From a global perspective, it would be difficult to understand that the automotive industry in India saw significant growth in April, cars and two-wheelers alike.

That news is drowned by the unending din from Detroit, the prospect of bankruptcies looming large.

The news of demand for steel going up in China last month barely got a mention in media.

That Indonesia's GDP grew by over 4 percent in the first quarter of 2009 appeared to be unworthy of celebration around the world.

Instead, too much time and attention is spent on debating how much growth these three Asian giants need to stay where they are, ahead of trouble, 7 percent in China and 4 percent in Indonesia are deemed inadequate.

These double standards continue to be displayed to reassure audiences in the developed world that all is not lost for them, even as they race to sell Asia whatever it is ready to buy.

More than ever, marketers in Indonesia need to look inwards, to examine the relevant facts that are emerging before them in the local marketplace.

Nobody would deny that export-oriented businesses in particular face difficulties today, that consequent job losses are adding to the national pain.

Yet, what is often ignored, is that two-thirds of Indonesia's Gross Domestic Product is created by local consumption.

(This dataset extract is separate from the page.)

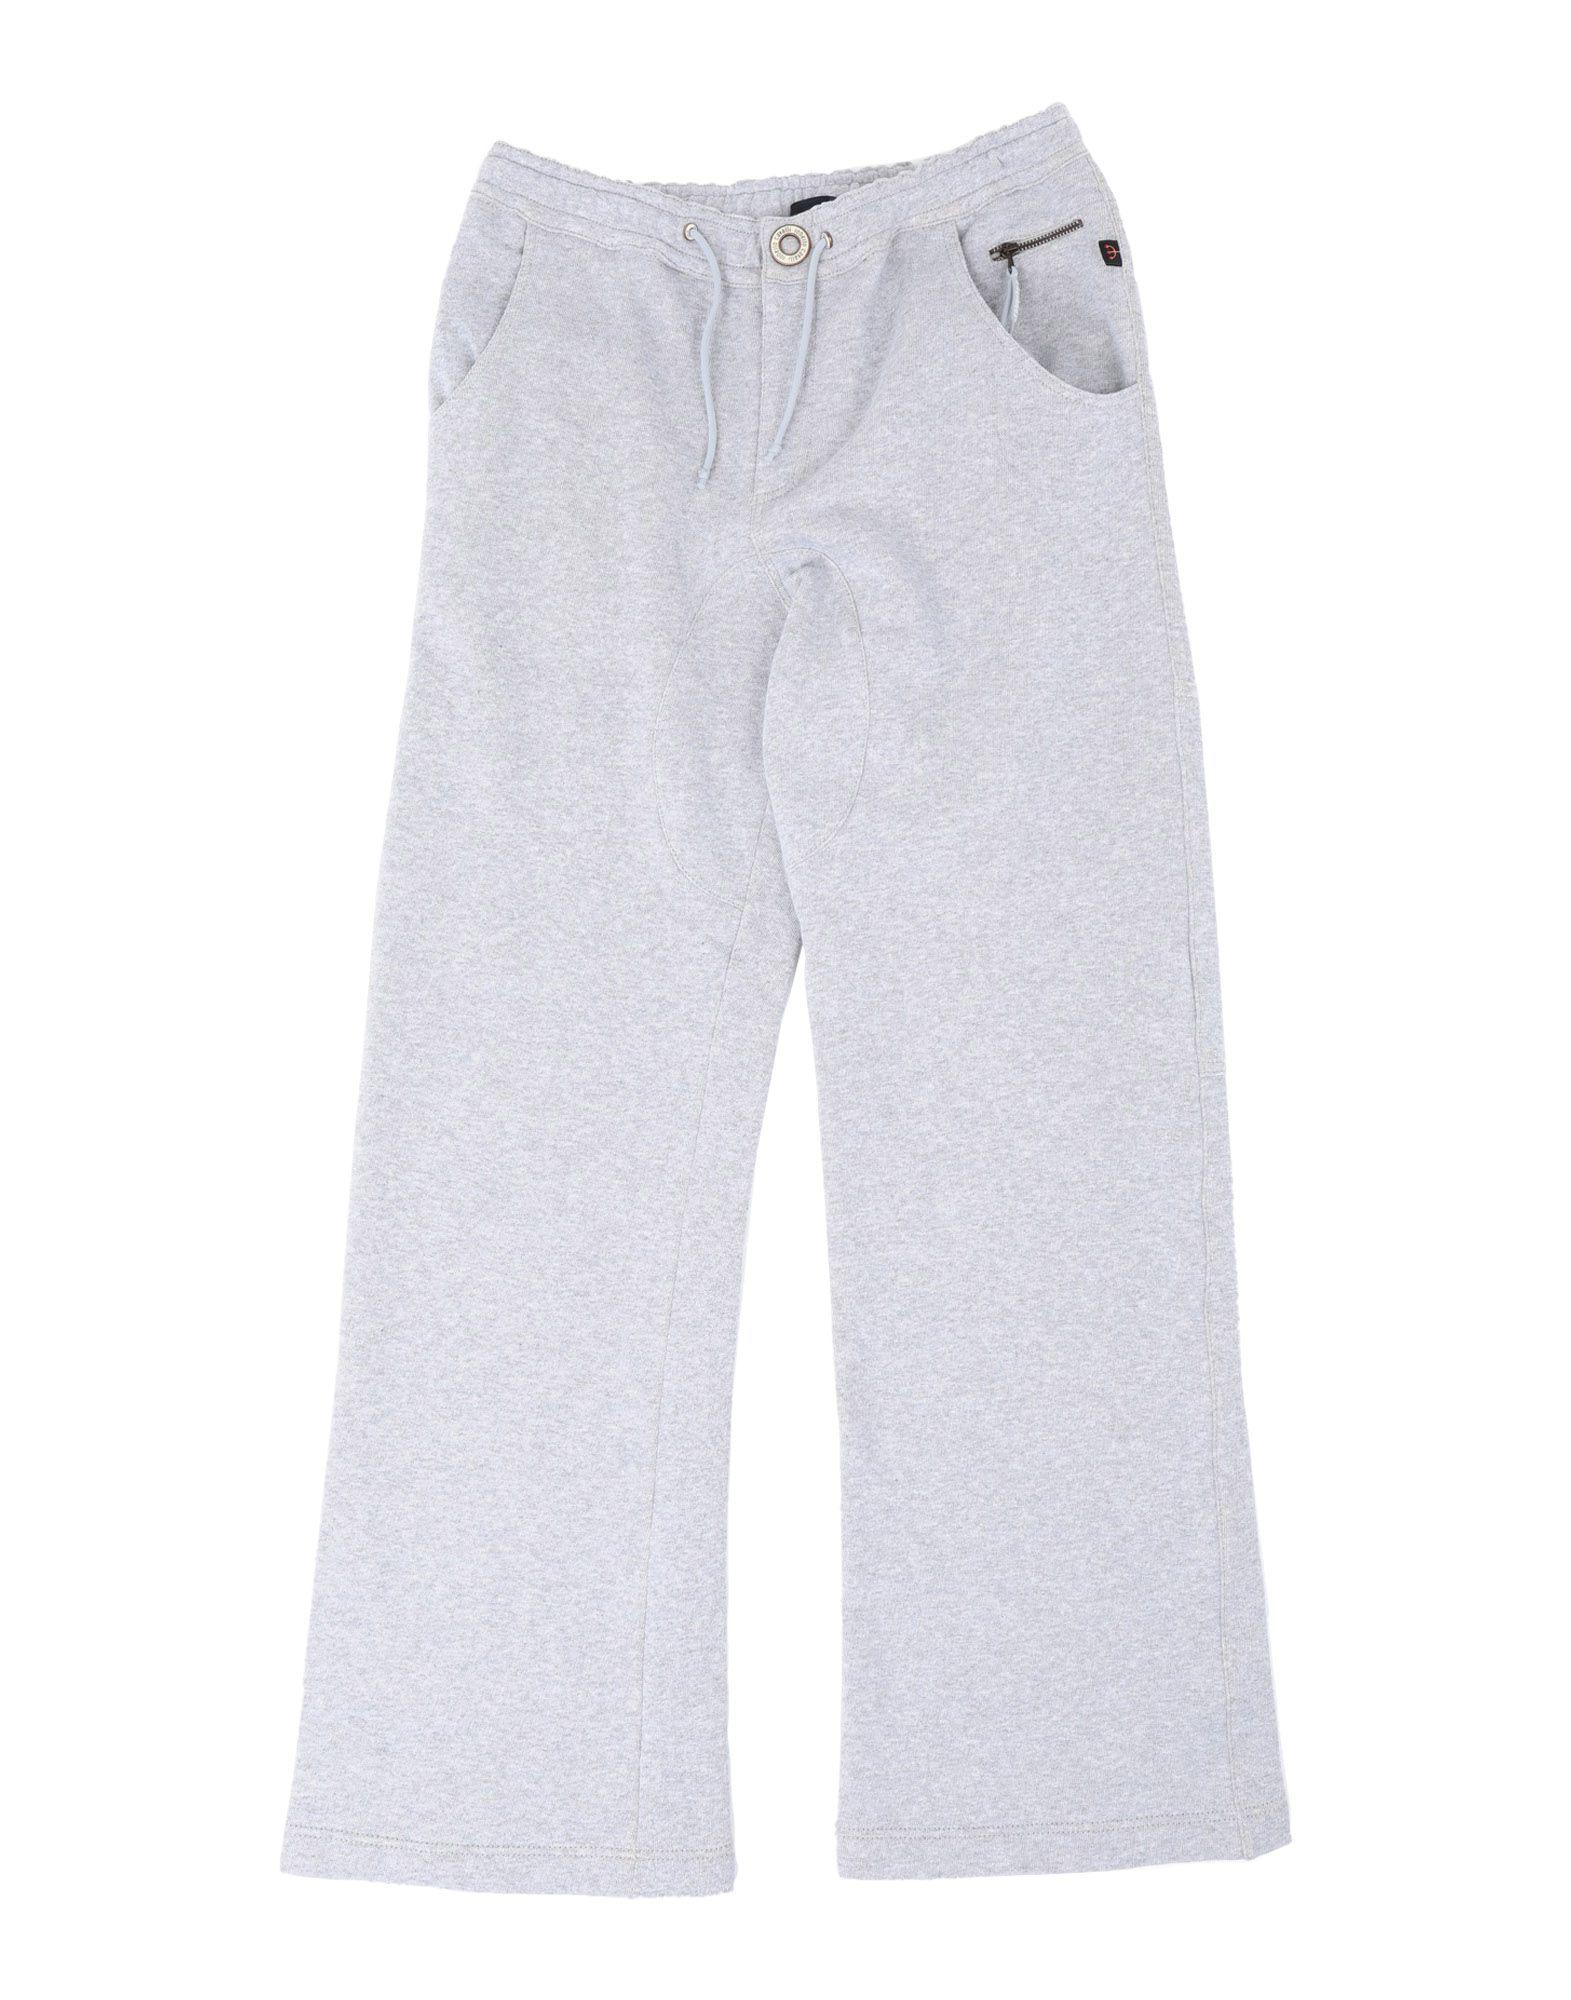 Roberto Cavalli Grey Cotton Trousers
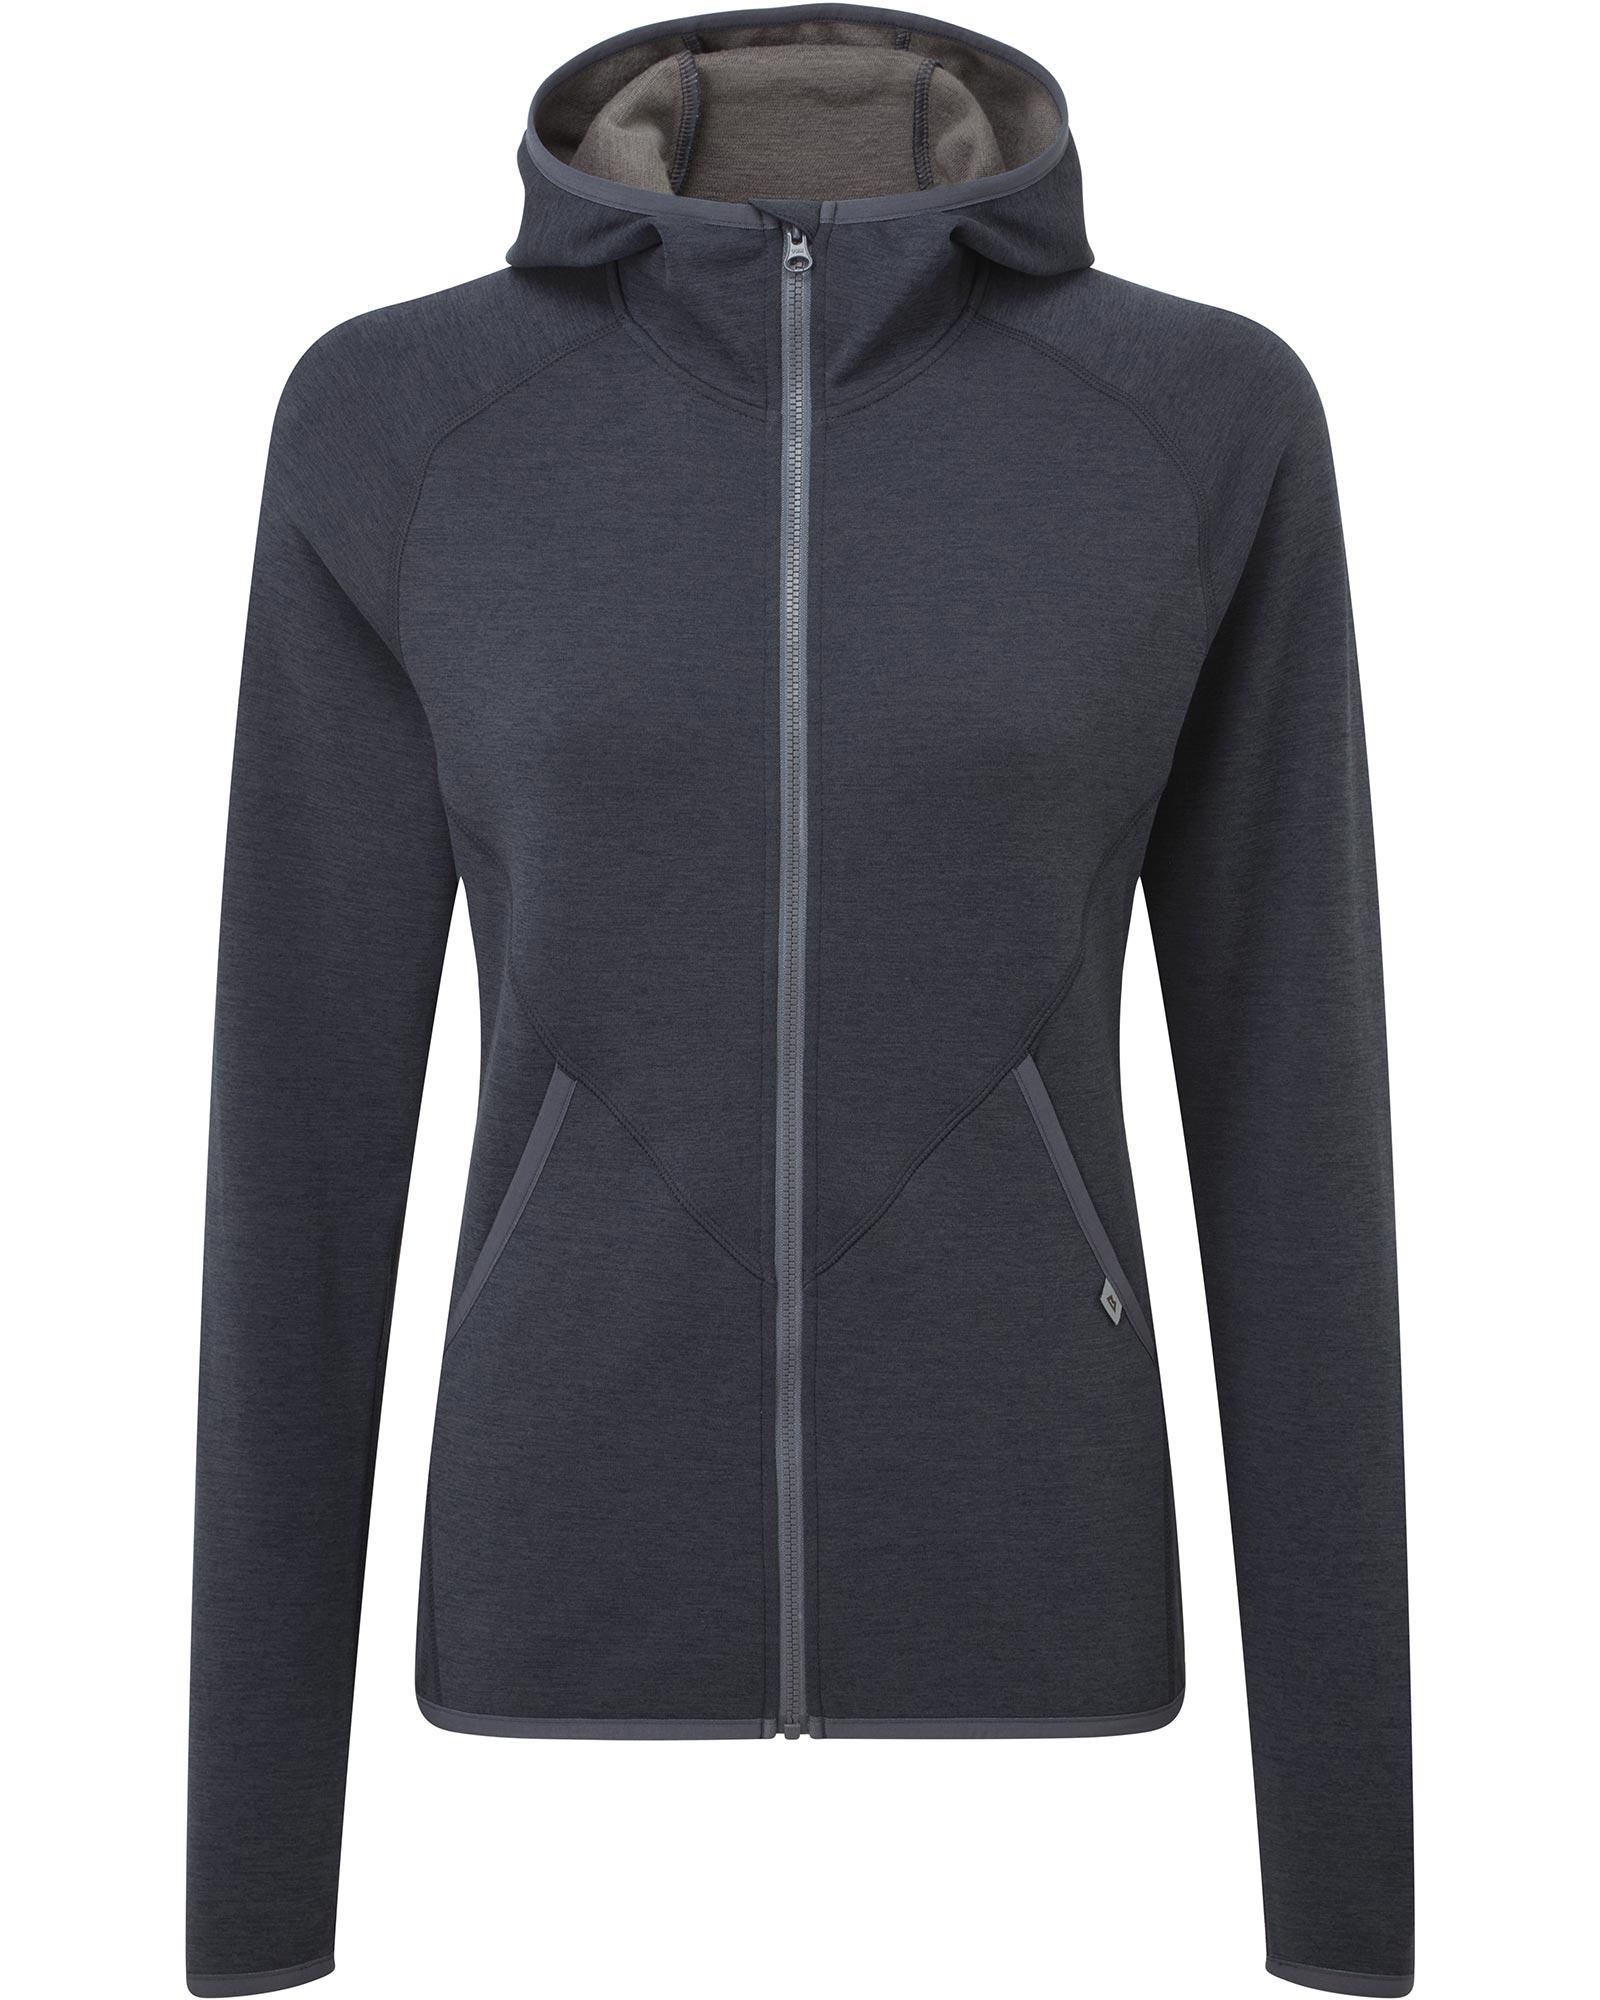 Mountain Equipment Women's Calico Hooded Jacket 0

Much of that consumption is outside of the big cities, with everyday essentials like food and other household needs making major contributions.

In difficult times like these, competition will increase and many brands will decline, some will fade away. But it is these market realities that also influence the rate of inflation, lower than expected in recent months after a year of spiralling prices for groceries. The consumer is winning, but not everybody else needs to lose.

Invariably, leading brands that offer value for money will gain market share even in the face of a static product category.

Manufacturers with multiple brands at different price points are at an advantage, able to reassign resources appropriate to the competitive forces within the category.

This creates unusual difficulties for single-brand companies, especially the smaller players and new entrants. Big or small, these are not times for the weak and faint-hearted. In contrast, this is when the proverbial "tough get going".

There are just too many examples in marketing history that prove the theory.

In Indonesia today, there is even more good reason to keep on investing. Cutting back on anything other than wastage would be a mistake.

More than any other factor, that reason is consumer confidence. Hope has been undervalued and underrated too much, too often.

If industry at large joins the consumer on the street to build on hope and confidence, the dividends for both can indeed be incalculable. The other available option is to hide individual failures behind that convenient and easy-to-blame excuse, "market conditions".

Local companies especially don't have the privilege of hiding behind global directives to cutback on expenses. Among the multinationals, only the courageous are challenging such blunt instructions. They will reap the returns one day in the not-too-distant future.

How confident is your consumer? The answer is out there, if only you go looking for it. Blame anybody else you like, but not the consumer.

These opinions are based on Roy Morgan Single Source, a syndicated survey with over 25,000 Indonesians 14 years and older interviewed each year.

That national database is updated every quarter, reflecting changes as they occur in the unpredictable times we live in. Almost 90 percent of the population is covered, in both urban and rural Indonesia.